I have a residency visa and am currently in Abu Dhabi. My wife will be joining me and has booked a flight to Abu Dhabi in 9 days time. She is, like me, a British citizen. The intention was in the 30 days the tourist visa run for her to get a visa based on my sponsorship.
On checking a website has since found out it appears she requires a return air ticket to get the tourist visa on arrival. Is this correct.
We could buy a single ticket for the return journey, but it would seem a waste and not sure even that would be acceptable if they want a return ticket
Any help would be really appreciated


----------



## Andy17 (May 30, 2013)

Jordanbasset said:


> I have a residency visa and am currently in Abu Dhabi. My wife will be joining me and has booked a flight to Abu Dhabi in 9 days time. She is, like me, a British citizen. The intention was in the 30 days the tourist visa run for her to get a visa based on my sponsorship.
> On checking a website has since found out it appears she requires a return air ticket to get the tourist visa on arrival.

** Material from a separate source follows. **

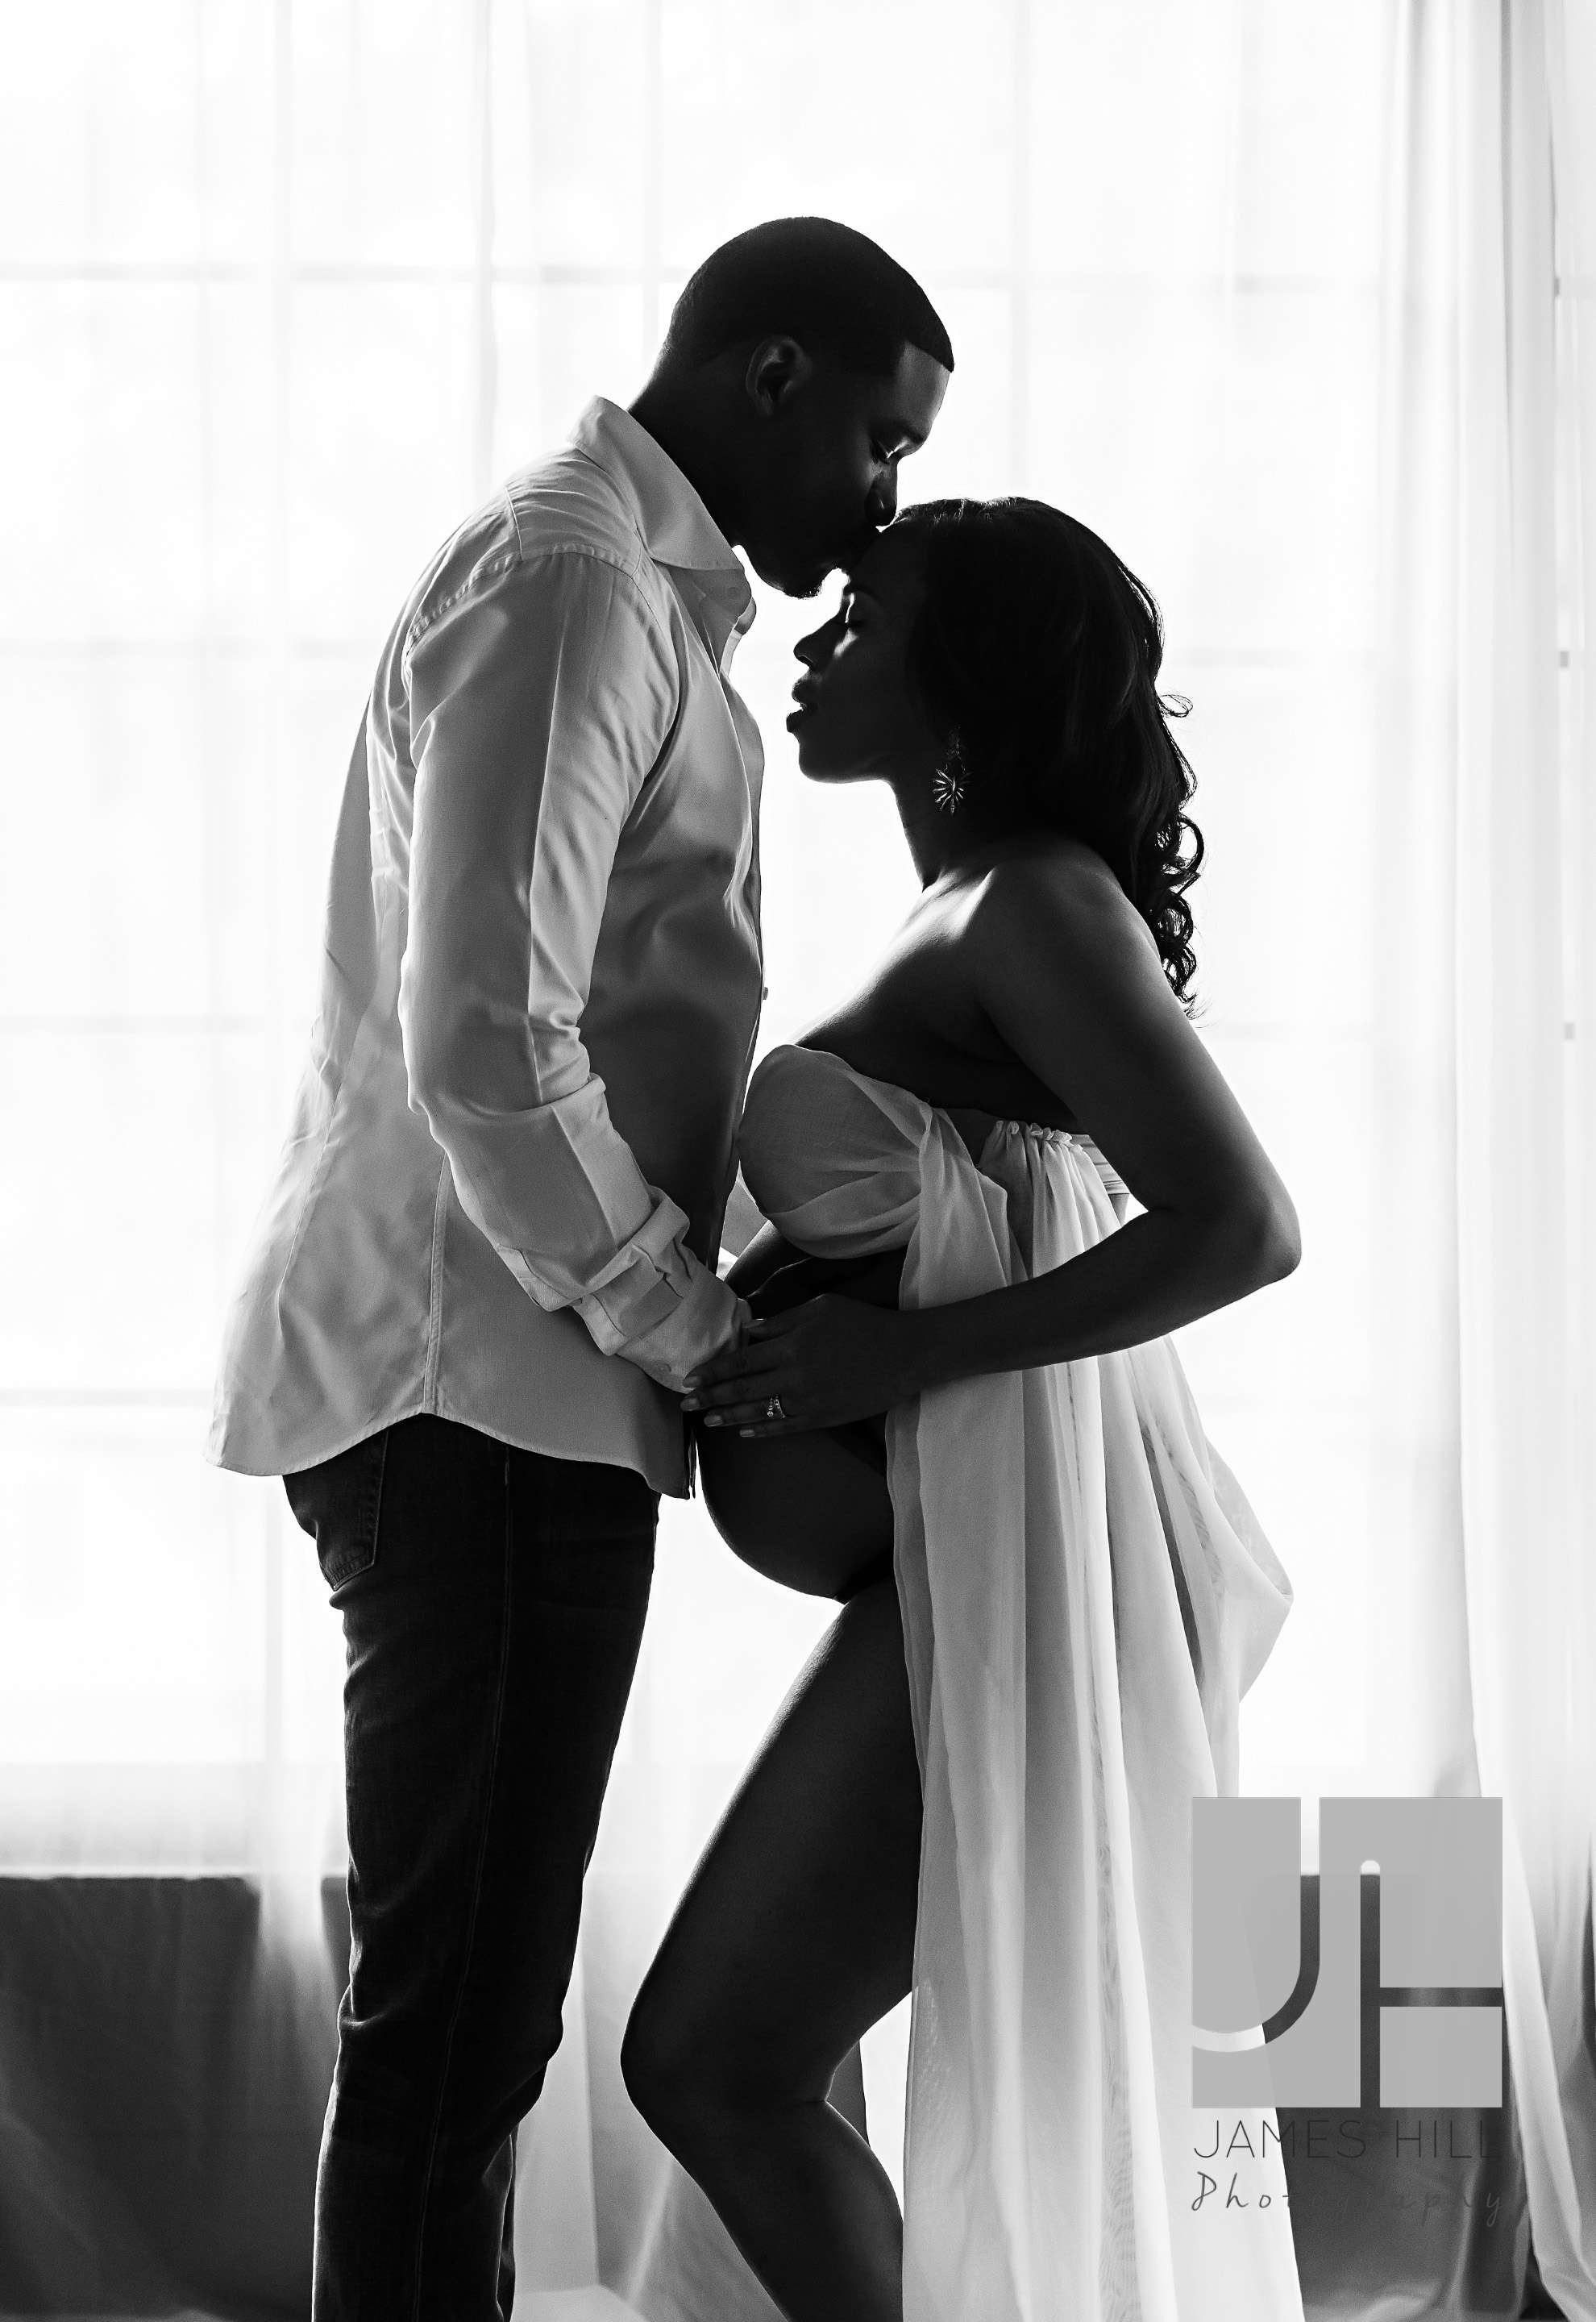 Here are the intimate portraits I was speaking of. I love the silhouette portraits!

Is this correct.
> We could buy a single ticket for the return journey, but it would seem a waste and not sure even that would be acceptable if they want a return ticket
> Any help would be really appreciated


You do not need a return ticket. They have never checked what ticket either my wife ,who, was my sponsor, or I have had on our first entry, our first return home our return to AD and our next flight back to the UK all of which were one way tickets. They do note your entry into the country and your exit and may notify the sponsor if there is one. Hope this puts your mind at rest.


----------



## Jordanbasset (Jun 11, 2014)

Andy17 said:


> You do not need a return ticket. They have never checked what ticket either my wife ,who, was my sponsor, or I have had on our first entry, our first return home our return to AD and our next flight back to the UK all of which were one way tickets. They do note your entry into the country and your exit and may notify the sponsor if there is one. Hope this puts your mind at rest.


Thanks a lot, that really does help settle my mind, appreciated


----------